# Cold closets



## Scuba_Dave (Jan 16, 2009)

If there isn't any way for heat to enter the closets then they will stay cold
All of my closets are cold in the winter - 1st floor & 2nd floor
I only have R6-7 insulation so I will be pulling the walls down & putting in new insulation


----------



## yuri (Nov 29, 2008)

Scuba Dave is correct. You probably need another heat vent to the bedroom or a supplemental 1500 watt Honeywell baseboard heater for at night. Does it have a return air vent, if not you are not getting good circulation. My pantry is cool, has no heat vent and I have a super tight R20 walls type house. The Cheerios don't mind.


----------



## clouts69 (Nov 8, 2009)

I 'm not sure I agree. I have several other closets with outside facing walls that do not have this issue.


----------



## yuri (Nov 29, 2008)

You may have a draft thru the wall or convection current. The North is always coldest. You may have to open up the wall and seal it with vapor barrier and make sure the vapor barrier is glued at the top so air currents cannot flow. I have built 2 houses in a very cold part of Canada and we glue all our vapor barrier to the ceiling etc.


----------



## beenthere (Oct 11, 2008)

Just a WASITD.
Maybe your room doesn't have enough heat to it. And that is why it and those closets are cold.


----------



## clouts69 (Nov 8, 2009)

I really don't think that is it. I mean the closets can get cold but when you rub your hand along every wall surface in these closets you only feel cold on the top 1/3 to 1/2 of the outside walls and only in those closets.


----------



## beenthere (Oct 11, 2008)

Then you have air leakage into those walls. Weather by electrical wiring holes that weren't sealed, or building defect/construction. Like vapor barrier was torn and not fixed before closing wall. Or top plates not sealed. I can't tell you.

But some sort of air leakage.


----------



## yuri (Nov 29, 2008)

Exactly. Thermostats on interior walls can also be affected by those drafts and short cycle. Open the wall and seal the vapor barrier (which you have now punctured from exploration) properly and check the insulation. Stop the drafts and it will help a lot.


----------



## Scuba_Dave (Jan 16, 2009)

clouts69 said:


> I'm not sure I agree. I have several other closets with outside facing walls that do not have this issue.


1st floor or 2nd floor?


----------



## clouts69 (Nov 8, 2009)

Scuba_Dave said:


> 1st floor or 2nd floor?


2nd floor


----------



## clouts69 (Nov 8, 2009)

yuri said:


> Exactly. Thermostats on interior walls can also be affected by those drafts and short cycle. Open the wall and seal the vapor barrier (which you have now punctured from exploration) properly and check the insulation. Stop the drafts and it will help a lot.

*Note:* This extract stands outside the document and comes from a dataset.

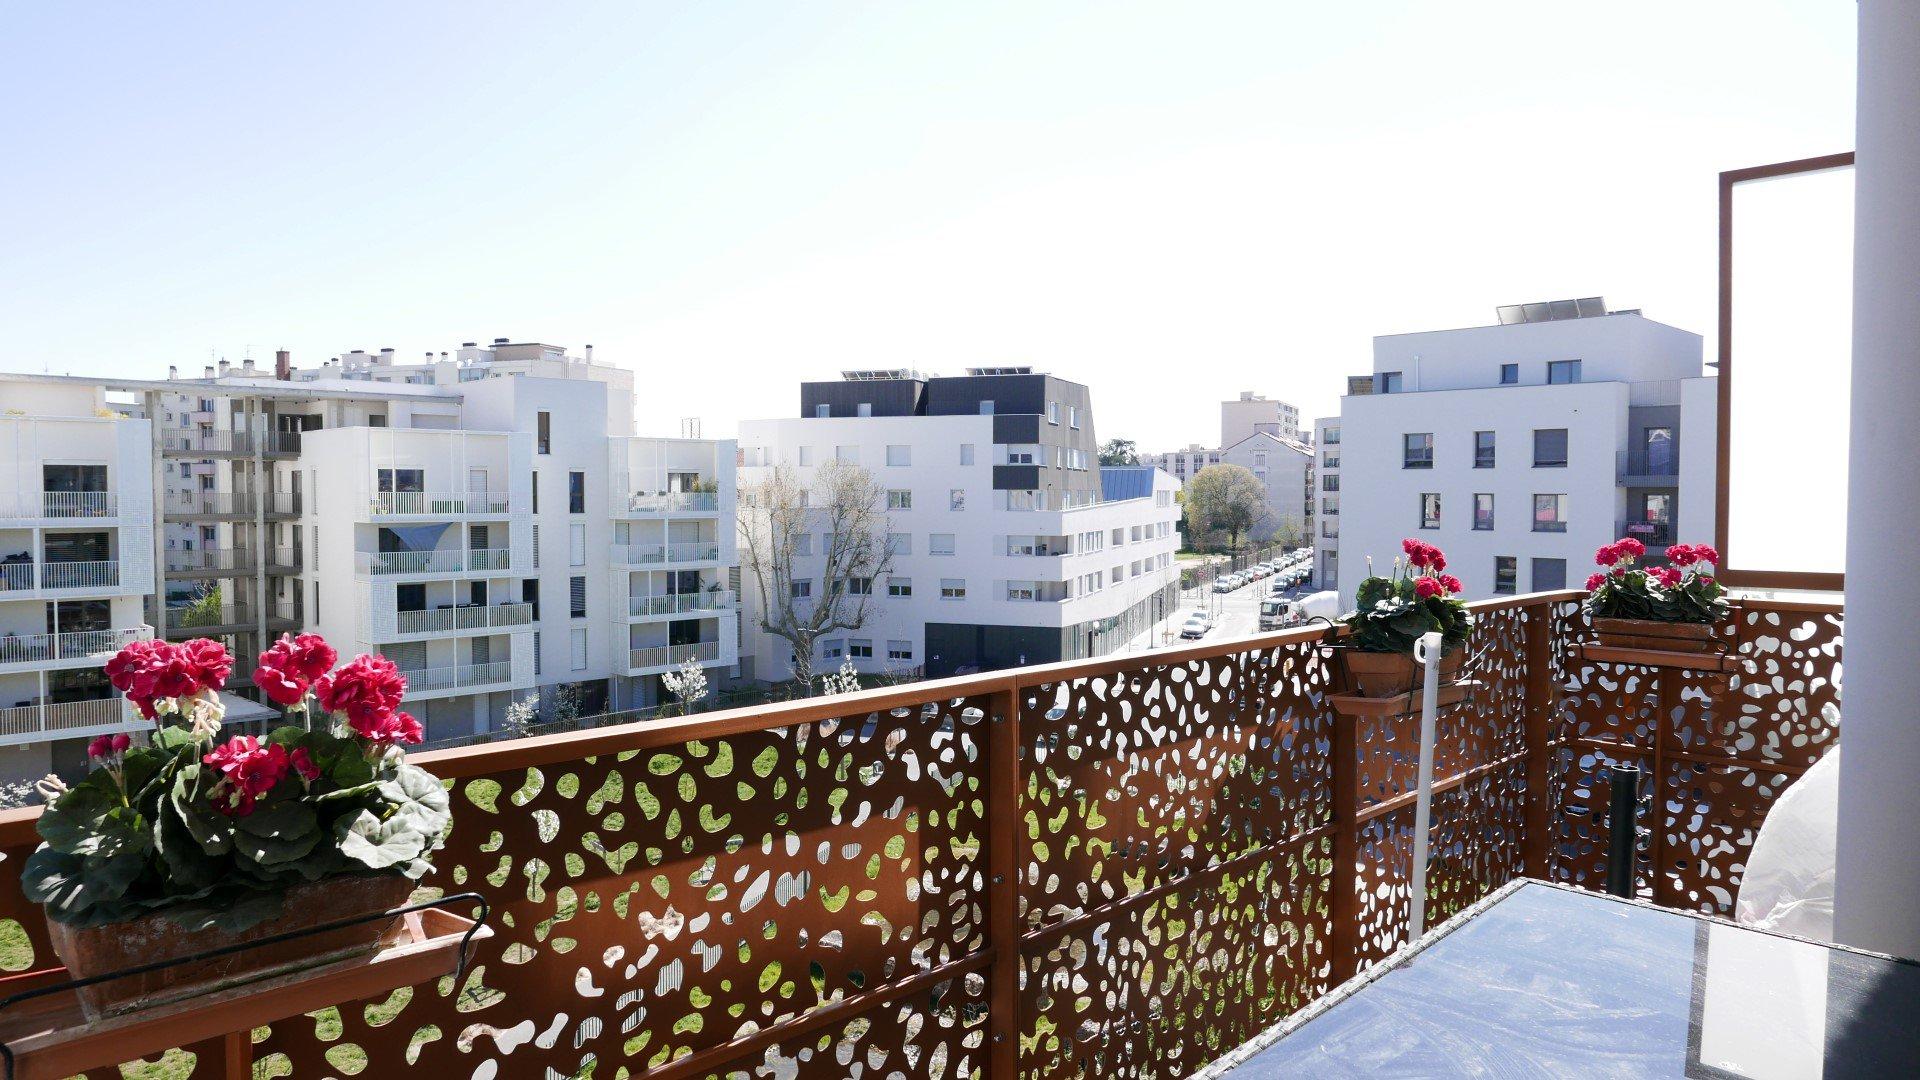 Achat Appartement Surface de 92 m², 4 pièces, Villeurbanne (69100)
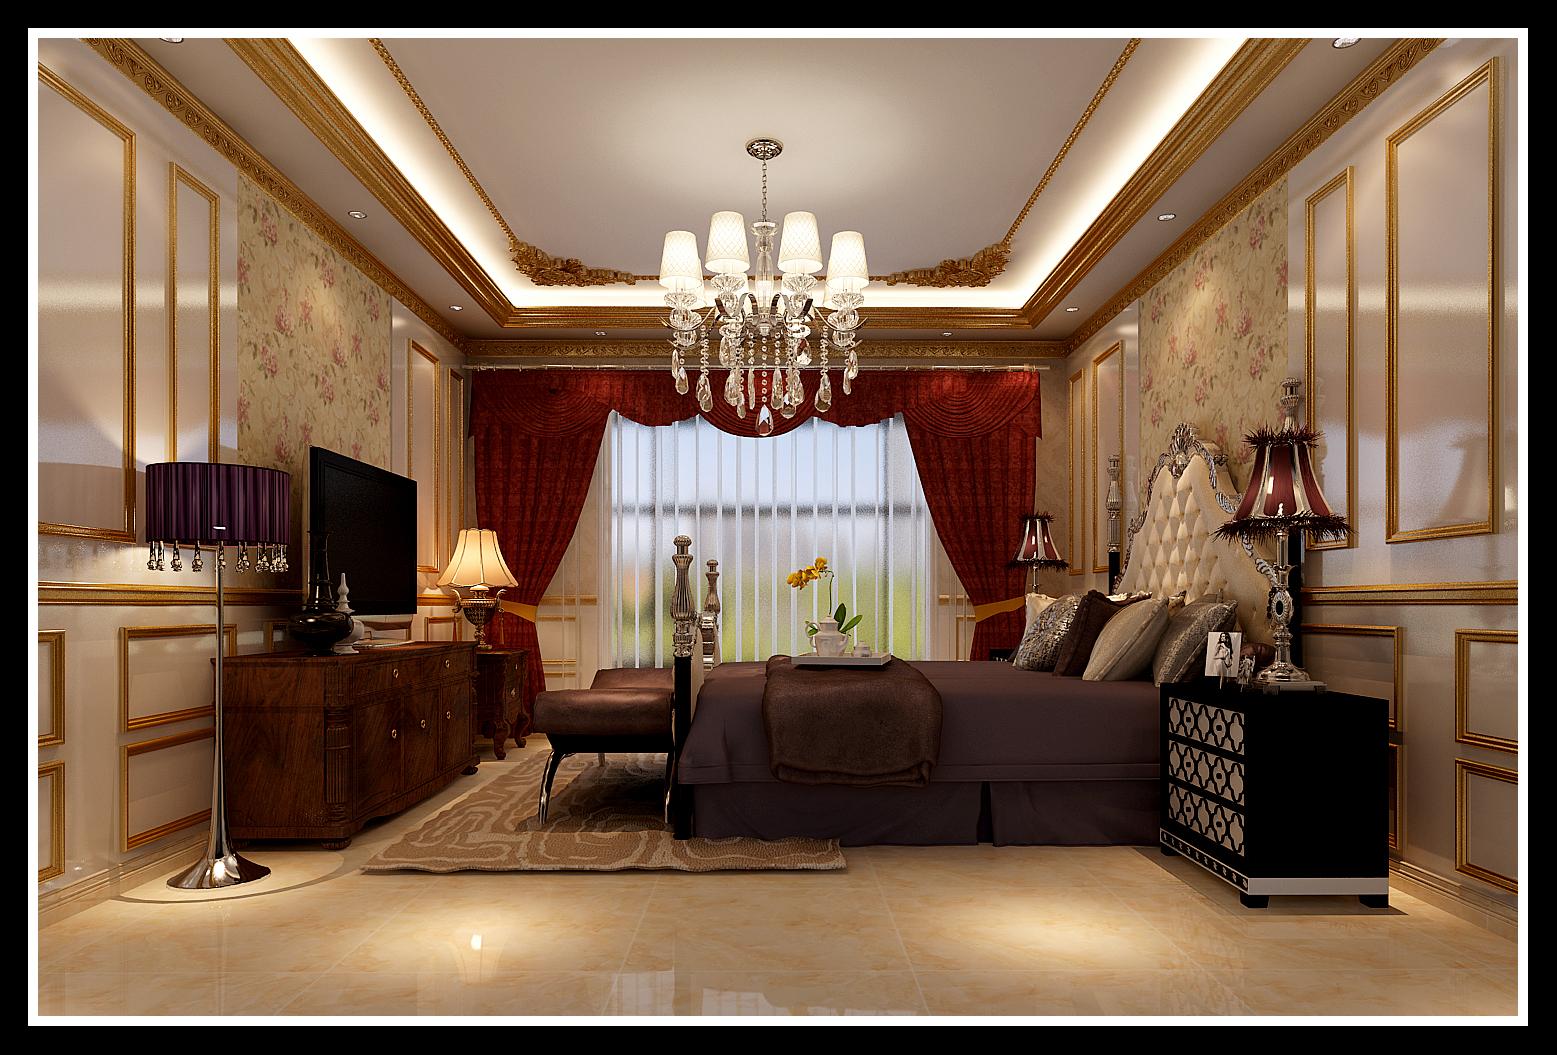 卧室 储物柜 背景墙 吊灯 卧室图片来自石家庄大业美家装饰在藁城自建别墅—豪华欧式风格的分享

I'm a little confused. My knowledge of construction is limited but I have some basic experience. Vapor barrier is on the outside sheathing from what I understand. My exploration consisted of drilling two small holes through the drywall. I did not penetrate the paper backing of the insulation. When you say open the wall and seal the vapor barrier are you referring to opening the outside wall? Can you elaborate a bit on what you exactly are referring to. Thanks


----------



## tinmanrob (Aug 9, 2009)

Vapour barrier is on the warm side.
Air barrier is on the outside.
T-shirt weather here today Yuri.


----------



## Scuba_Dave (Jan 16, 2009)

Scuba_Dave said:


> 1st floor or 2nd floor?





clouts69 said:


> 2nd floor


So all of the closets are on the 2nd floor
And only this one closet on the 2nd floor is cold ?


----------



## clouts69 (Nov 8, 2009)

Scuba Dave, that is correct. All bedrooms are on the top floor and I have 3 closets with outside facing walls as part of their construction and only those 2 have this issue.


----------



## beenthere (Oct 11, 2008)

Are all the closets north facing.


----------